» **Supplied data**:
§
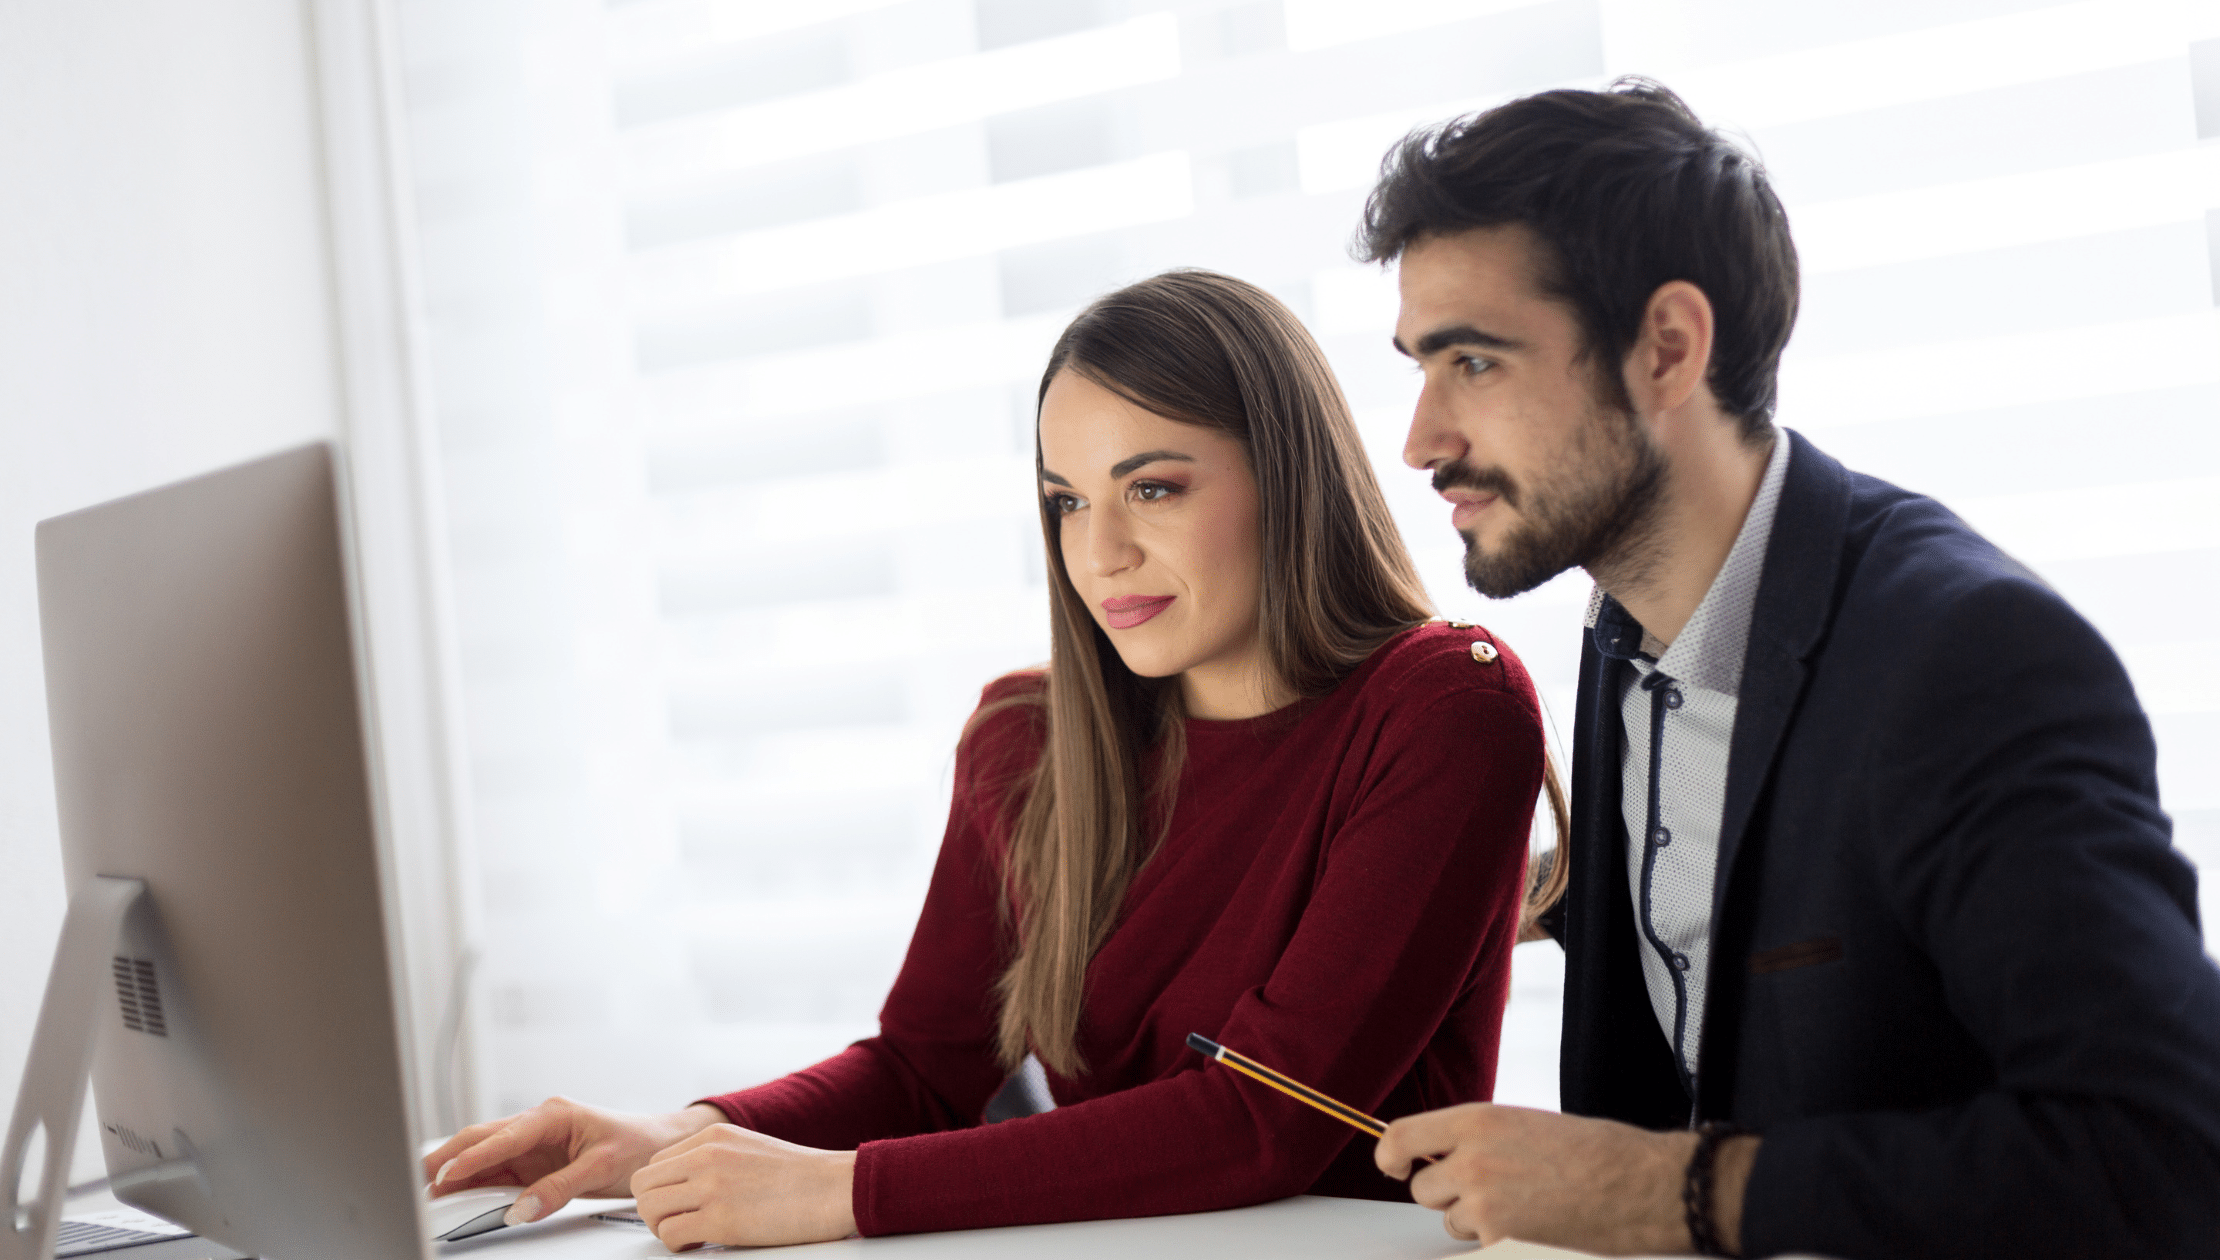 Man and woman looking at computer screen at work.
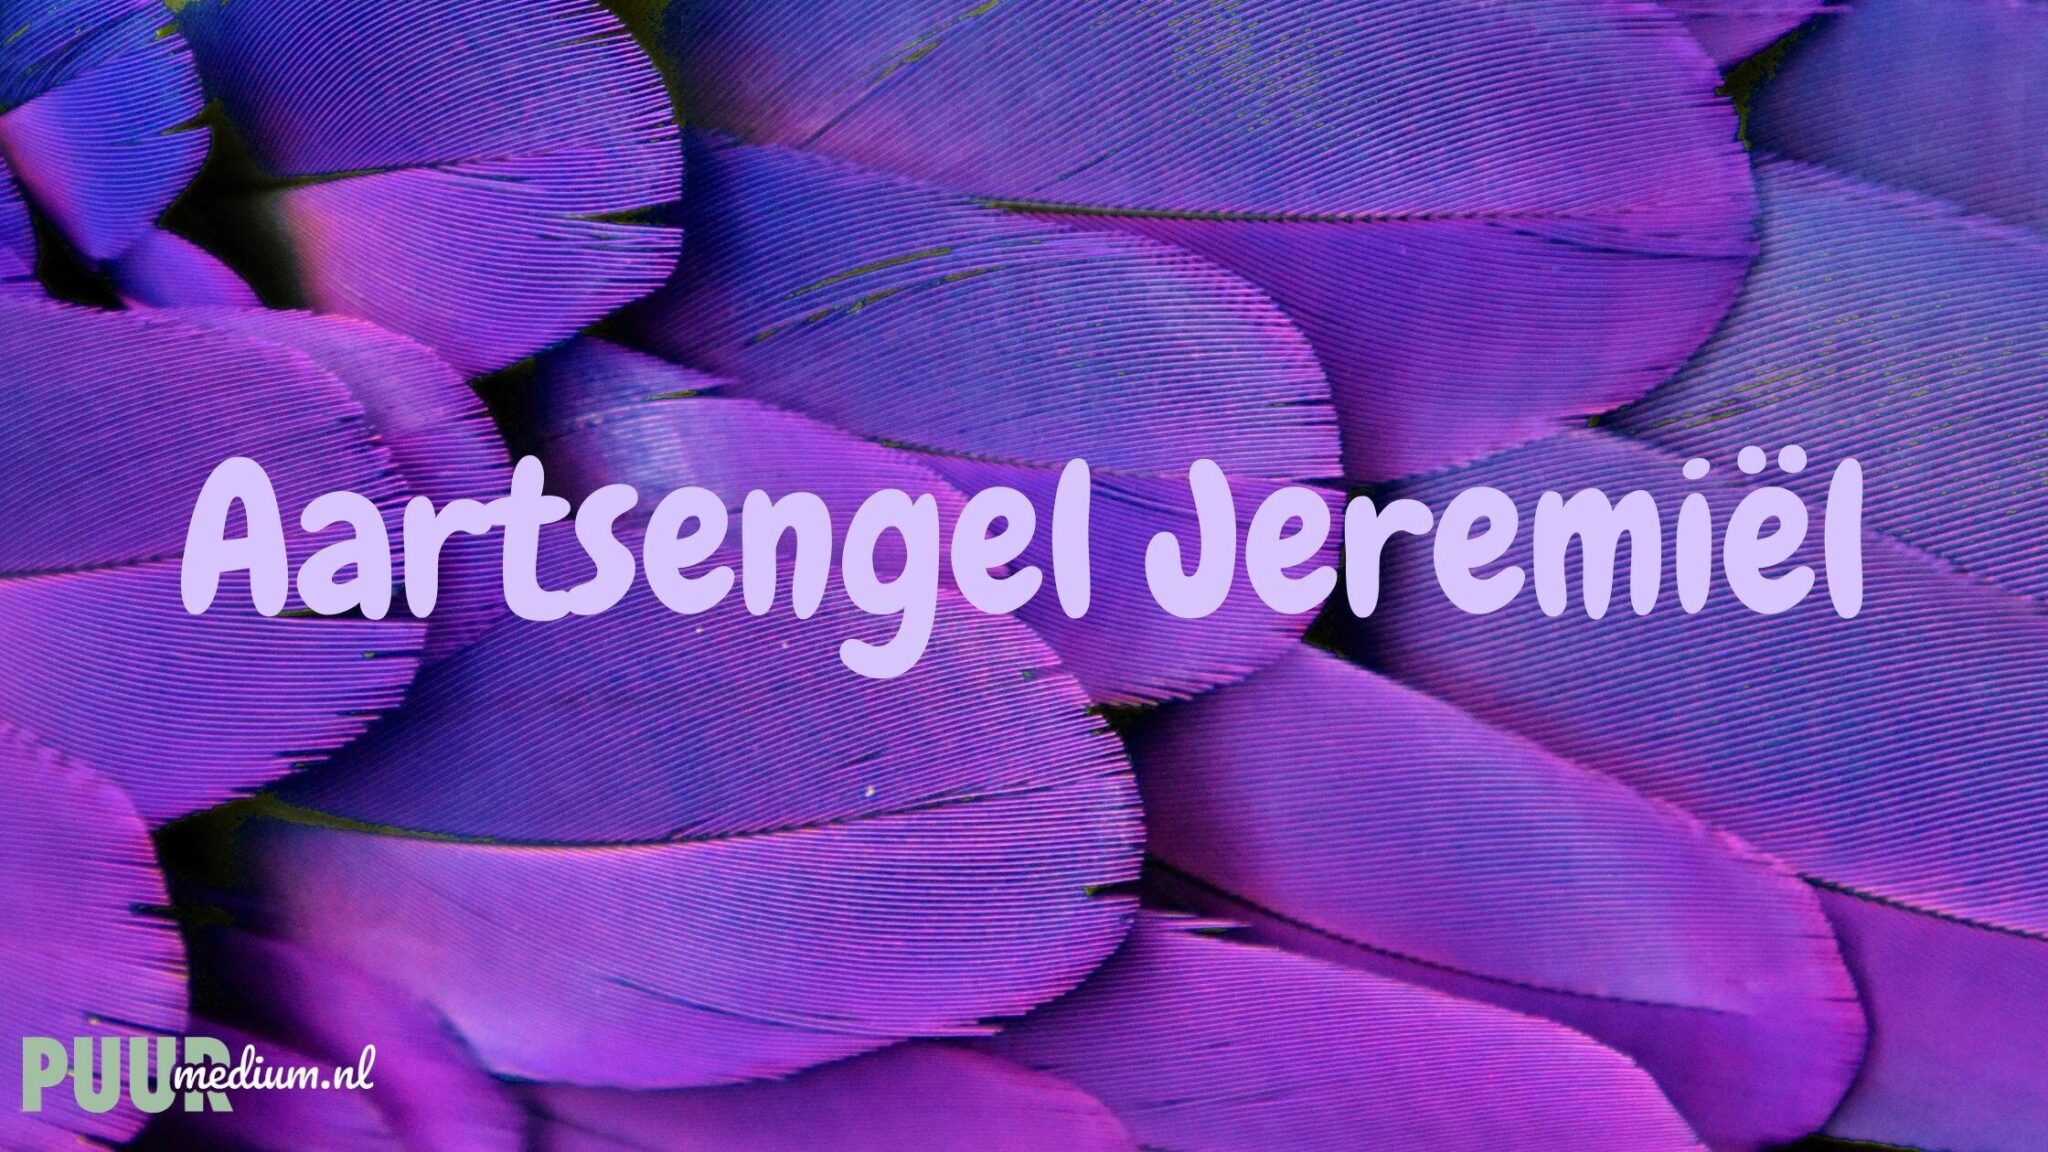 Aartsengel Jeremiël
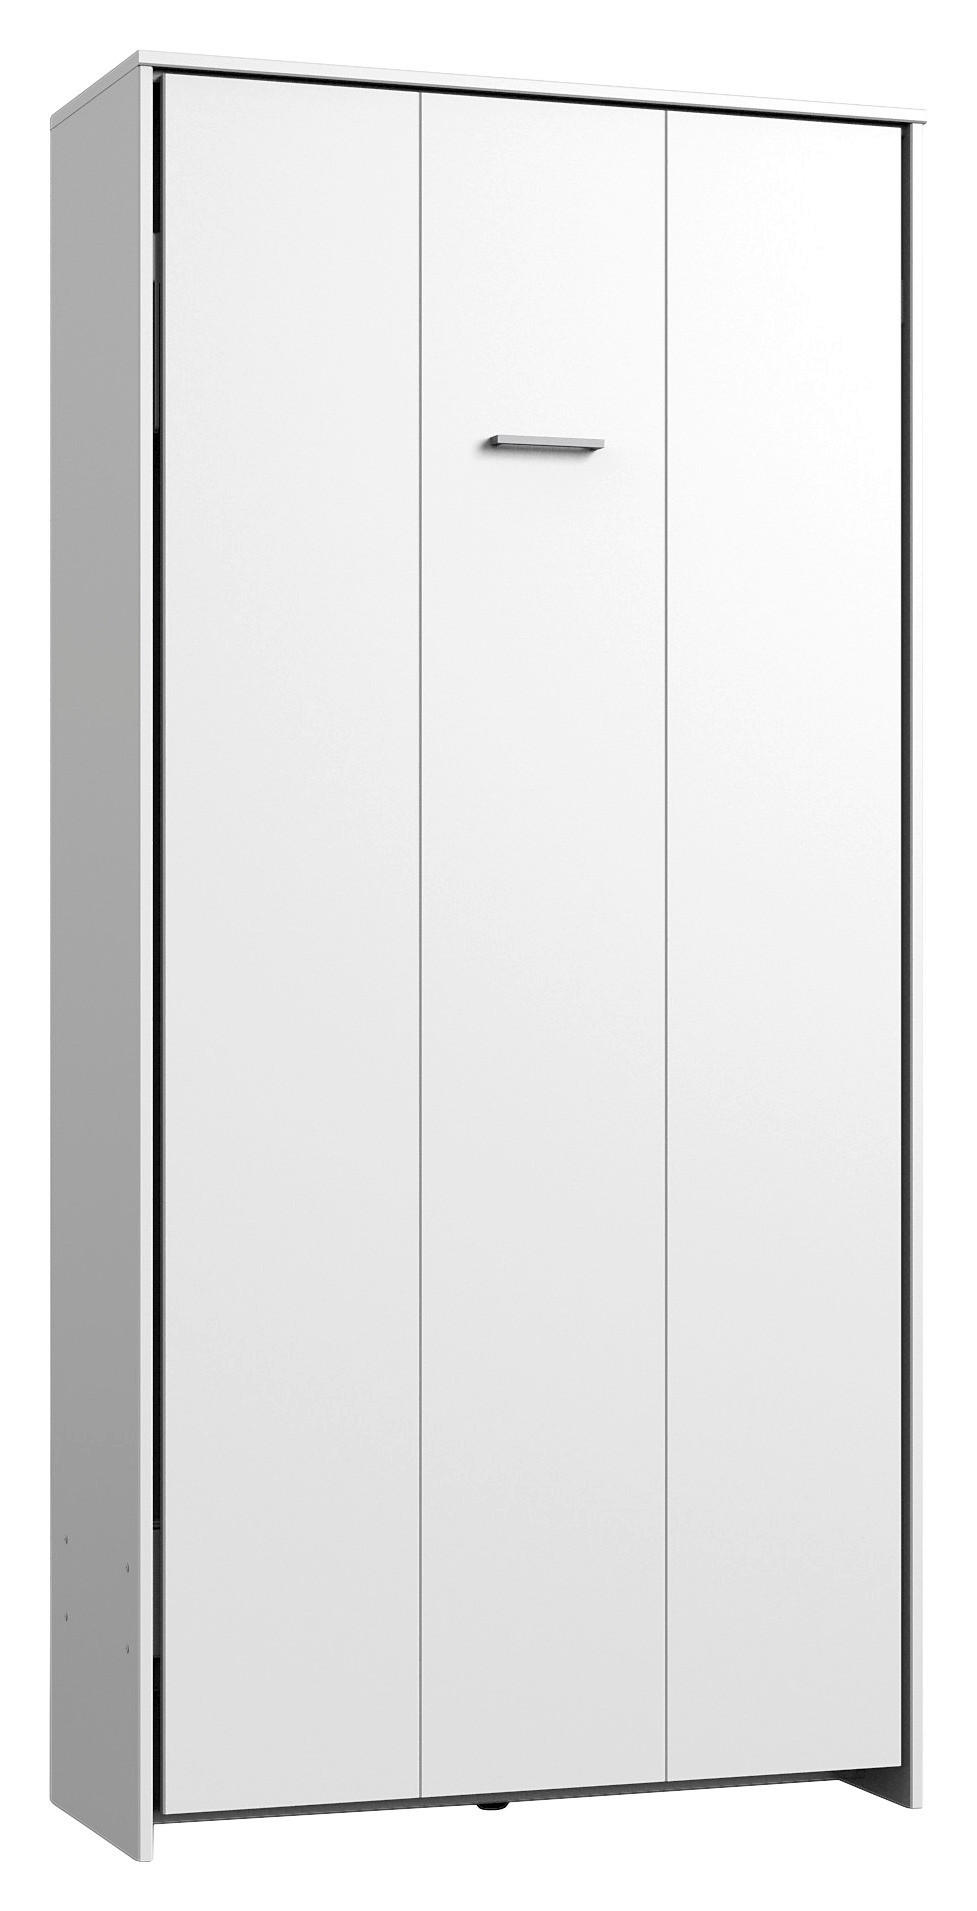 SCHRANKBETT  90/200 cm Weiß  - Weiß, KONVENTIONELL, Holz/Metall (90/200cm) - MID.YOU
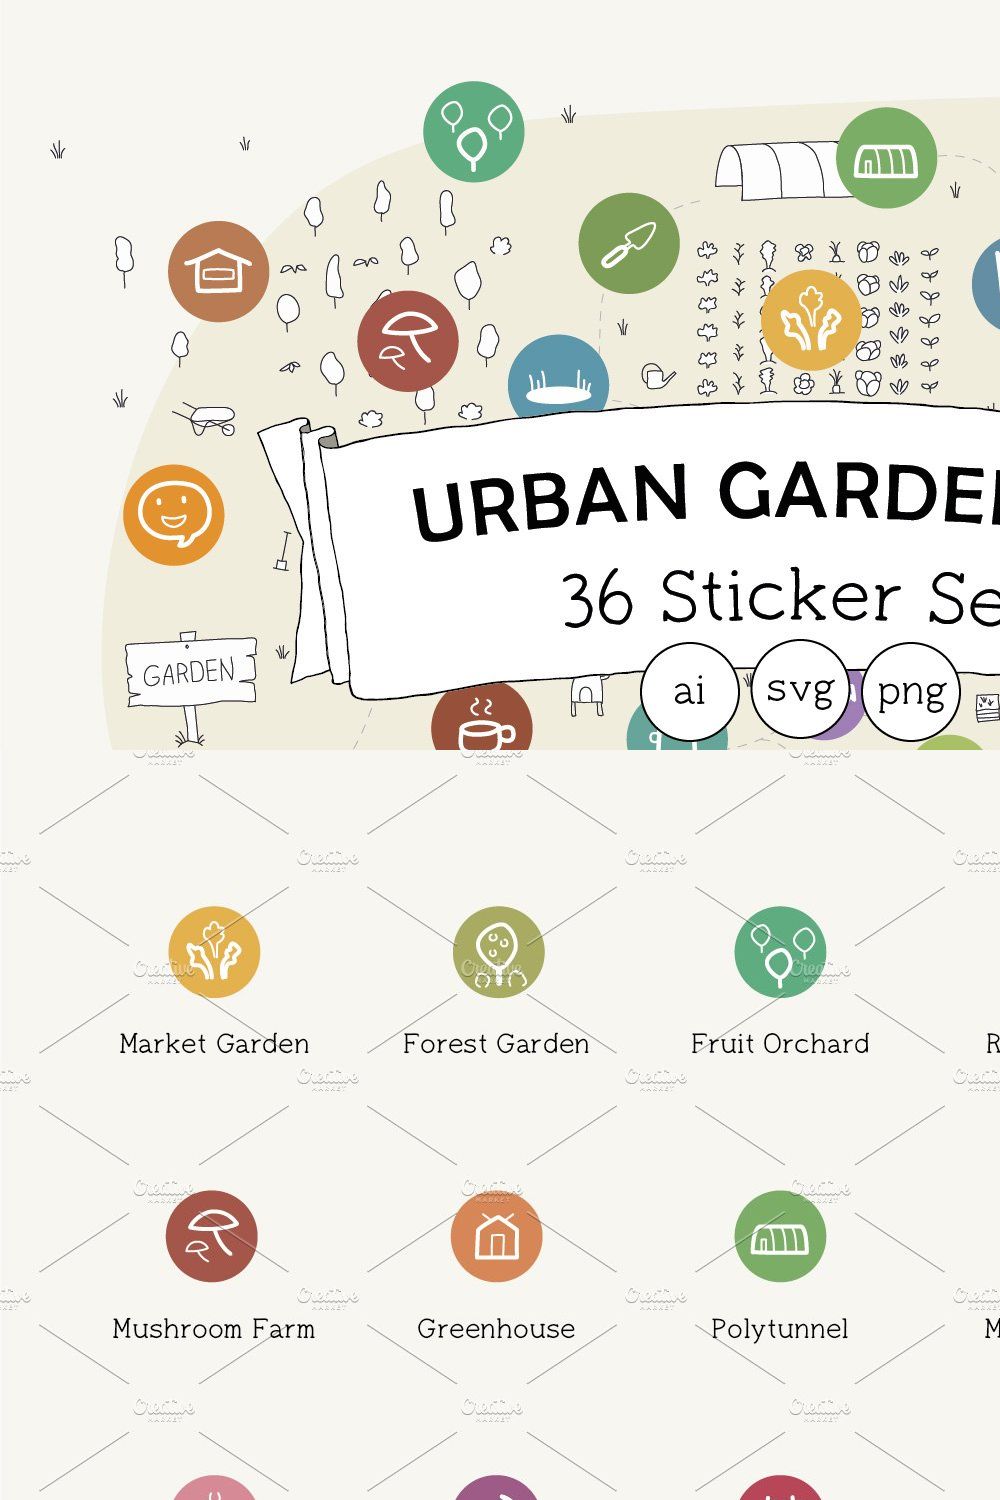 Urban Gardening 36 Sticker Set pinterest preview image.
§
» **Task details**: Output the listing above exactly, excluding all pictures.

» **Response area**:
 Man and woman looking at computer screen at work.
 Aartsengel Jeremiël
 SCHRANKBETT  90/200 cm Weiß  - Weiß, KONVENTIONELL, Holz/Metall (90/200cm) - MID.YOU
 Urban Gardening 36 Sticker Set pinterest preview image.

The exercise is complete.